Innovations in ERCP techniques are likely to change the management of biliary duct strictures in the future. Technical reasons for failure of therapeutic ERCP indicate that the presence of a stricture that is too tight to allow access to the central duct system is the most common cause of ERCP failure in anastomotic strictures, non-anastomotic strictures and biliary strictures after living donor OLT[36,42]. Use of new intraductal endoscopy technologies such as the SpyGlass direct visualization system (Boston Scientific, Natick, Mass.), which allows visualization of the inner wall of the biliary tree and can act as the guidance system for passage of the guidewire through a tight stricture, has shown some early promise in this area[5,98-100]. A recent case report detailed the use of methylene blue-aided chromoendoscopy via peroral cholangioscopy to successfully optically diagnose extensive ischemic-type non-anastomotic biliary lesions after transplant. Also, new types of balloons and stents will also have a significant role in improvement of management of biliary strictures. Preliminary evidence shows that peripheral cutting balloons may be more effective in biliary strictures not responsive to standard measures. Plastic stents and catheters presently used carry a high risk for occlusions. Use of larger metallic open mesh or partially covered stents increases the probability of patency but carries several disadvantages including ingrowths of tissue from reactive hyperplasia, their permanency and the potential difficulty of removing them at surgery. Therefore uncovered and partially covered self-expandable metal stents cannot be recommended for therapy of biliary strictures. Newer removable fully covered metal stents could offer potential therapeutic options for patients with biliary strictures with increased duration of patency than plastic stents. More distant in the future are bioabsorbable stents which could be deployed and would remain in place for several months with subsequent biodegradation. These innovations will hopefully allow treatments with single interventions rather than the current practice of repeated interventions and thus have a significant positive impact on the quality of life of the patients treated.

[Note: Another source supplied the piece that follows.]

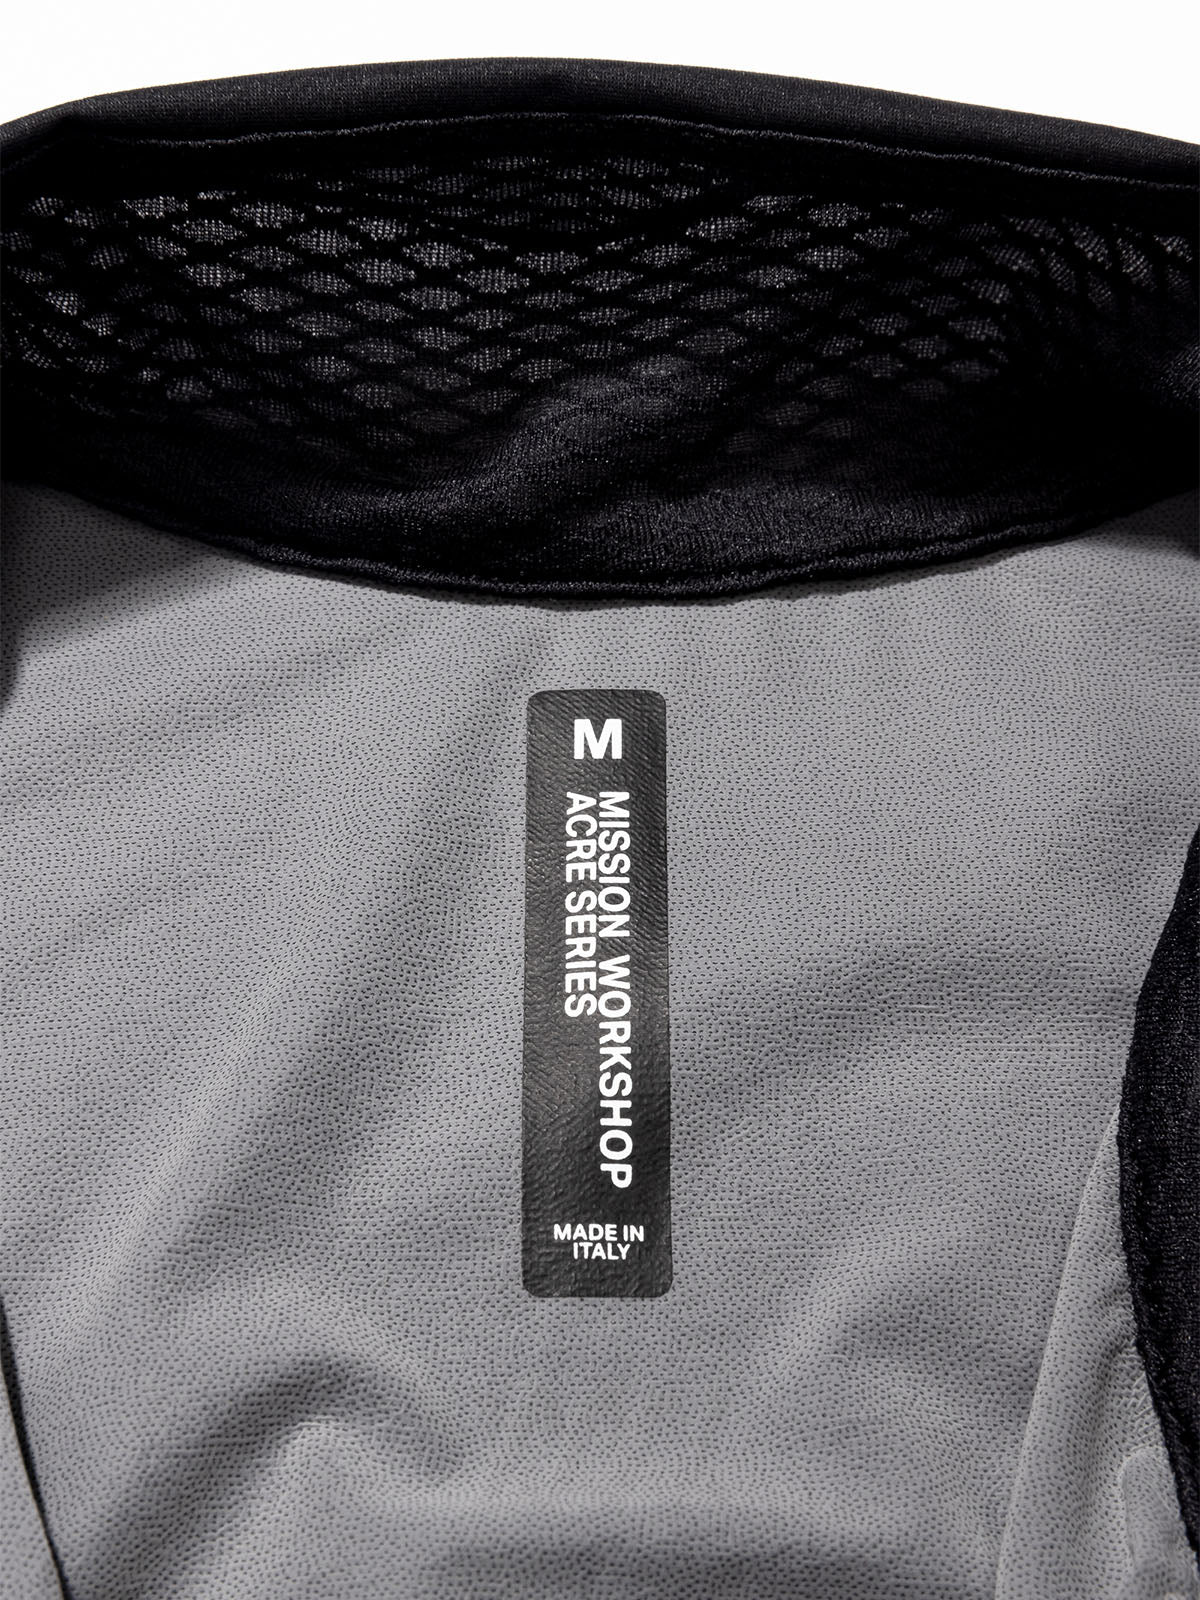 Altosphere Vest van Mission Workshop - Weerbestendige tassen & technische kleding - San Francisco & Los Angeles - Gemaakt om te doorstaan - Voor altijd gegarandeerd

Despite advances in organ procurement and surgical techniques, biliary complications remain a significant source of morbidity in patients after OLT, with biliary strictures still among the most common of these complications. In recent years, endoscopy has played a progressively greater role in the diagnosis and management of biliary stricture complications after transplantation. Repeated endoscopic dilation with placement of one or more plastic stents is currently the standard first line management of biliary strictures avoiding the need, particularly in anastomotic strictures, for percutaneous transhepatic approaches and surgical management in most cases. Percutaneous and surgical modalities are now reserved for patients in whom endoscopic treatment fails and for those with multiple inaccessible intrahepatic strictures or Roux-en-Y anastomoses. Even in these latter cases, with the recent advances of deep small bowel enteroscopy techniques, the role of endoscopic therapy is expanding. Indeed, as technology progresses with newer endoscopic techniques including intraductal endoscopy, this will allow for enhanced access and visualization of complex strictures as well as improved stenting modalities, and offer hope that the burden to OLT patients related to biliary stricture complications will be reduced even further in the future.